Source material:
* * * * * * *
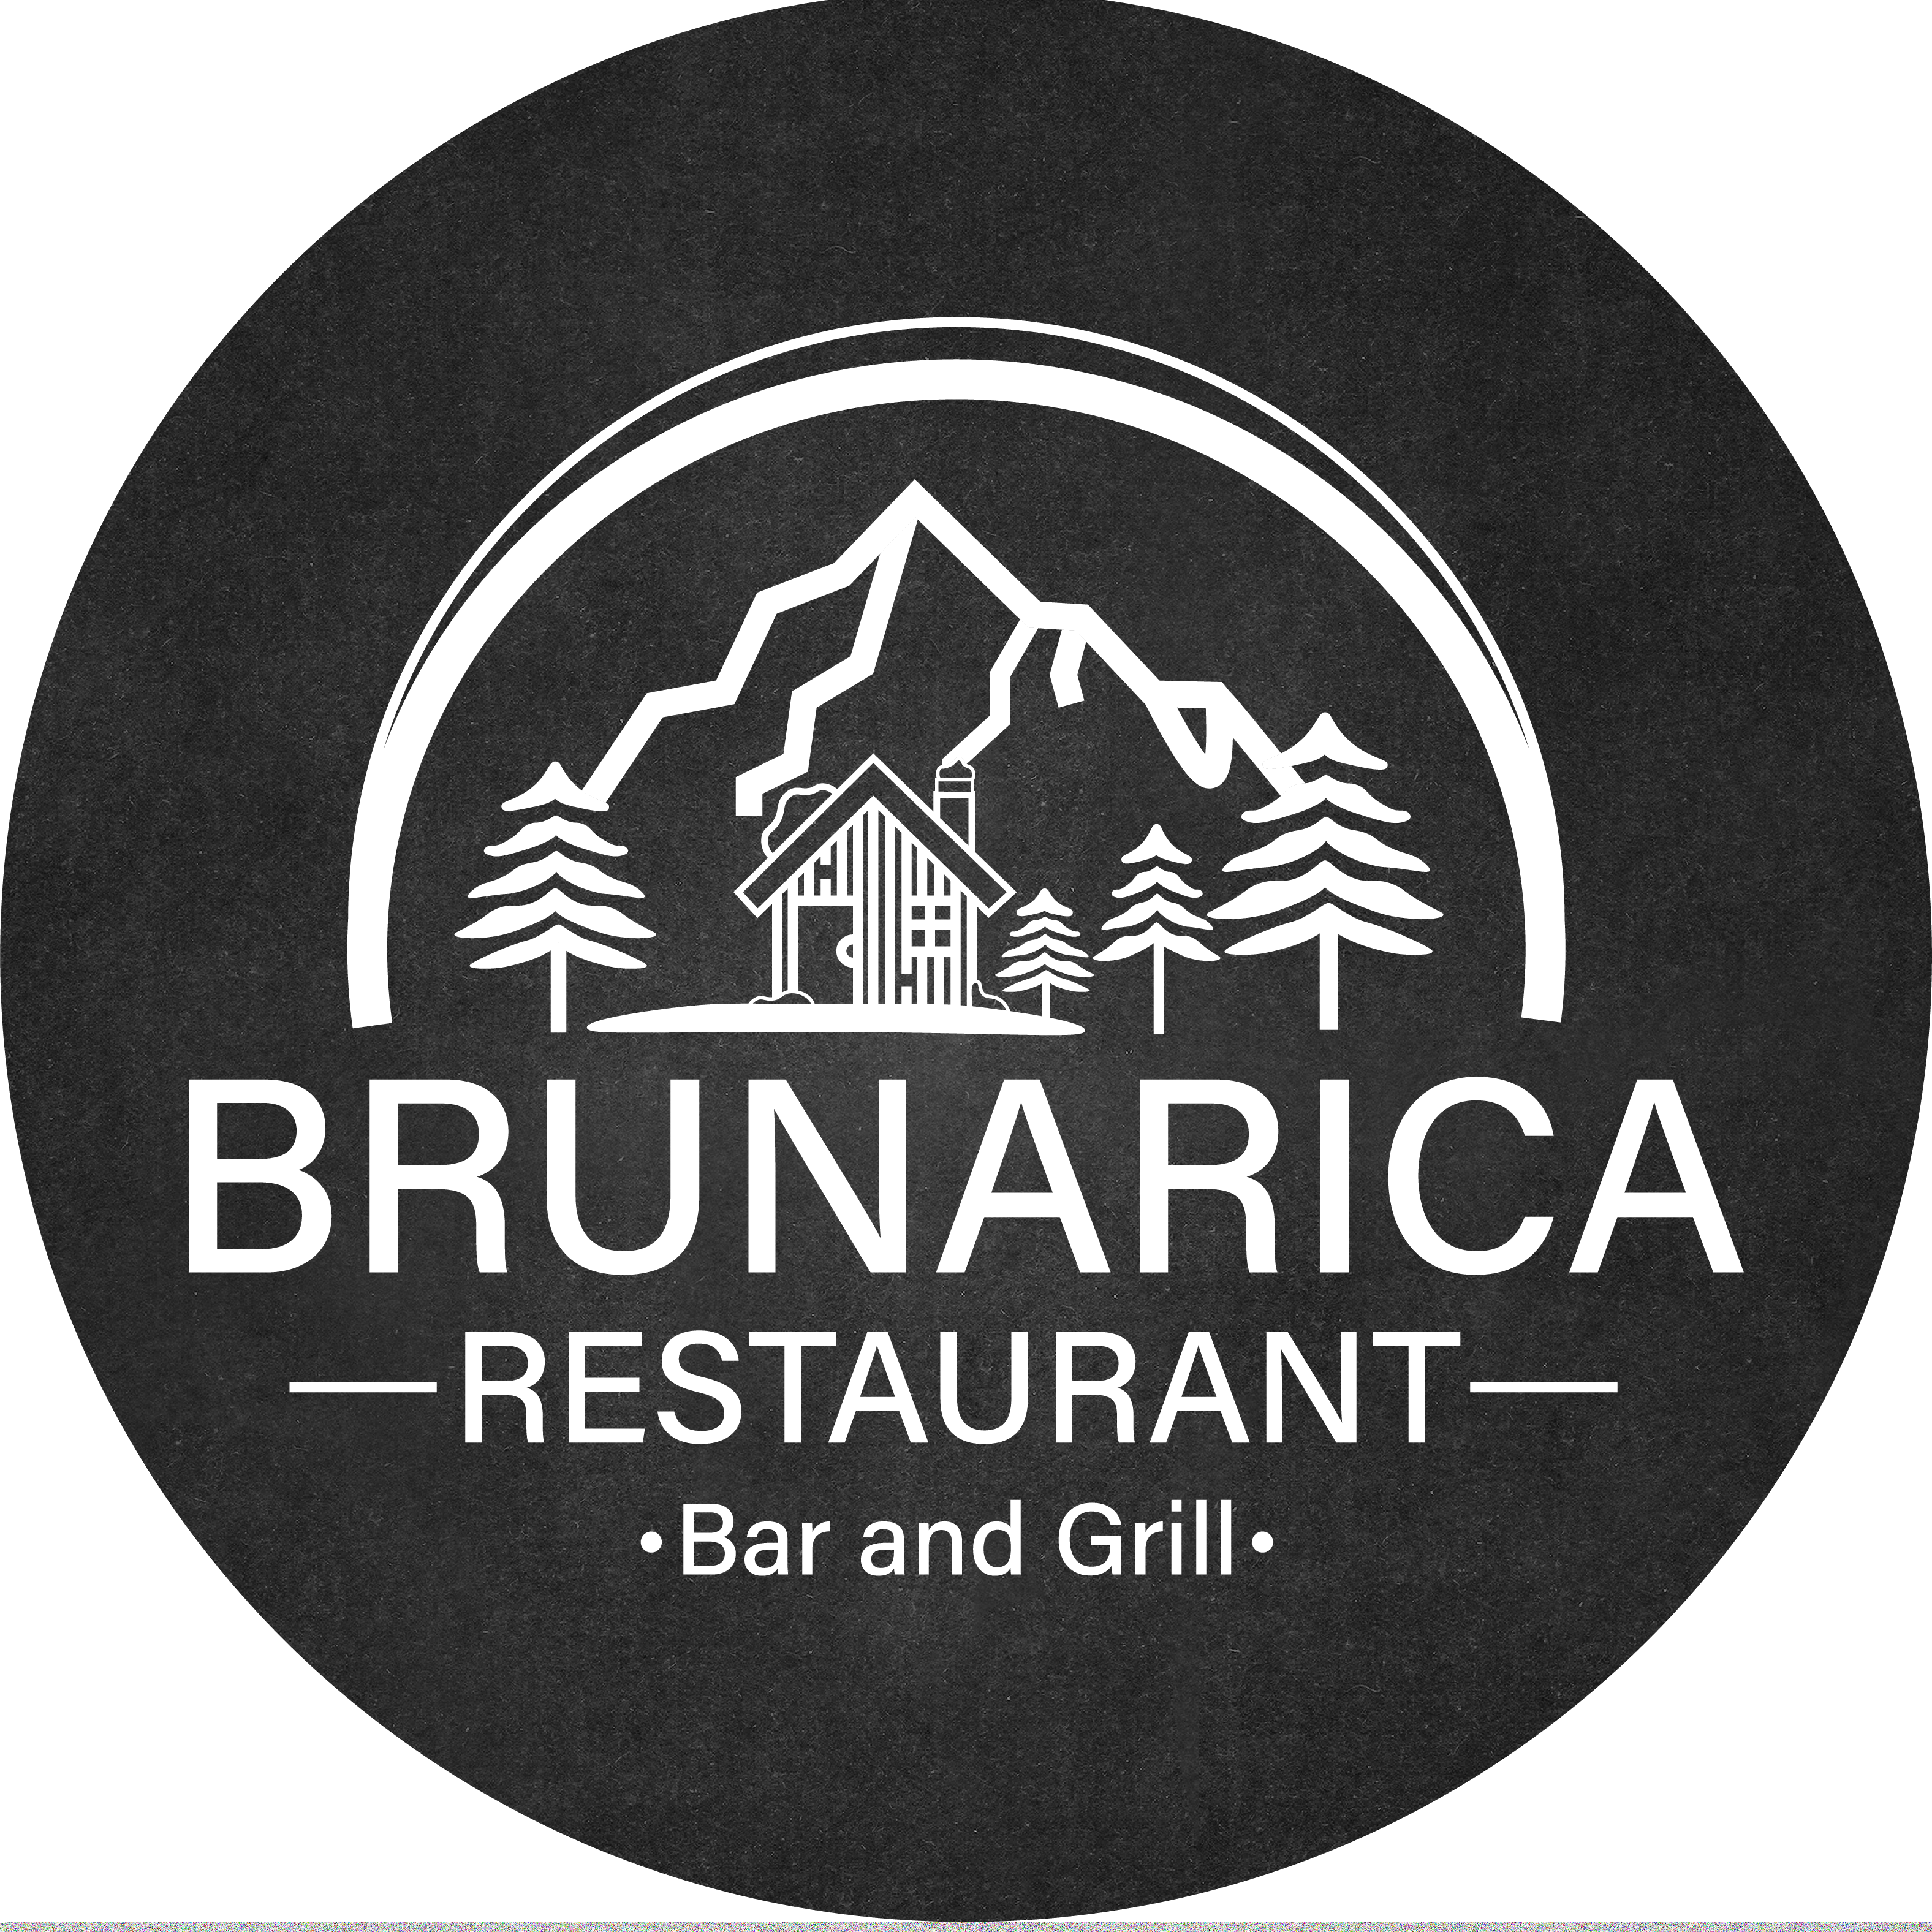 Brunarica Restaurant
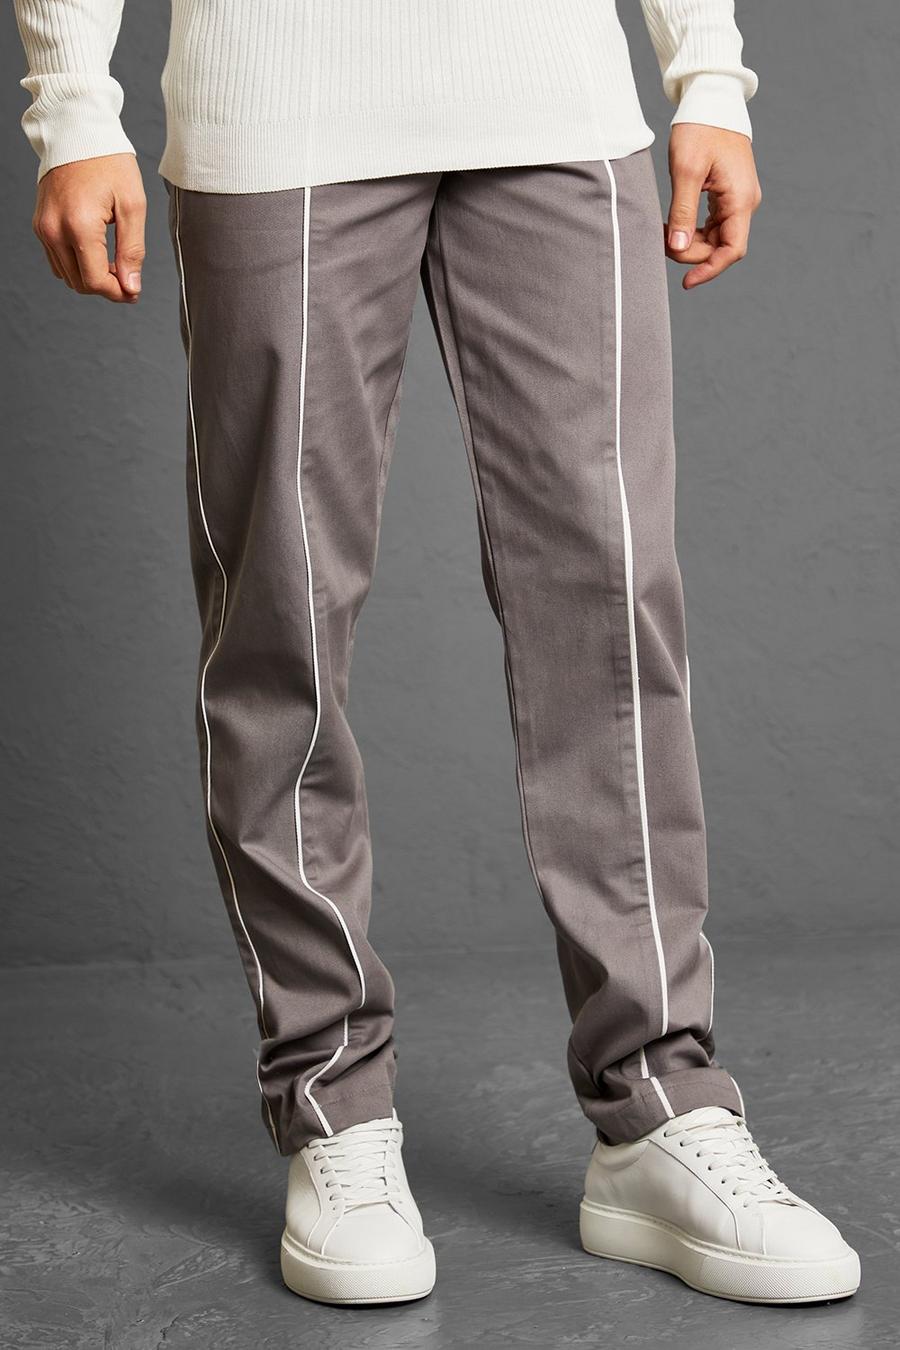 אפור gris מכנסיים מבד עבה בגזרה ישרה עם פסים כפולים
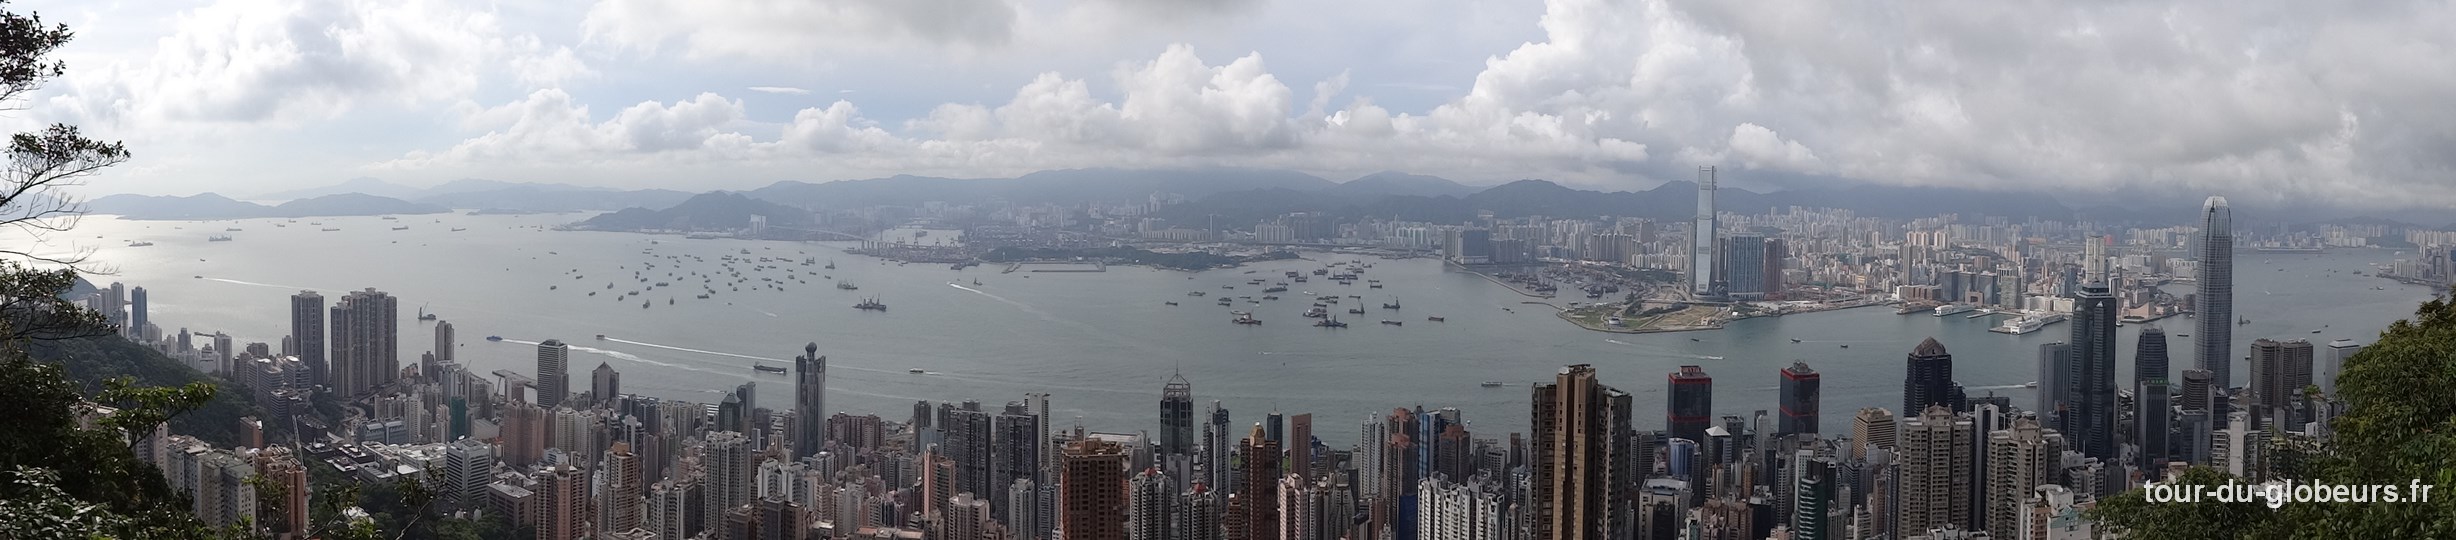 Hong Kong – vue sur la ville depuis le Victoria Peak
* * * * * * *
Exercise prompt: Nothing but an exact copy of the data, without pictures, should be returned.

Result for this exercise:
 Brunarica Restaurant
 אפור gris מכנסיים מבד עבה בגזרה ישרה עם פסים כפולים
 Hong Kong – vue sur la ville depuis le Victoria Peak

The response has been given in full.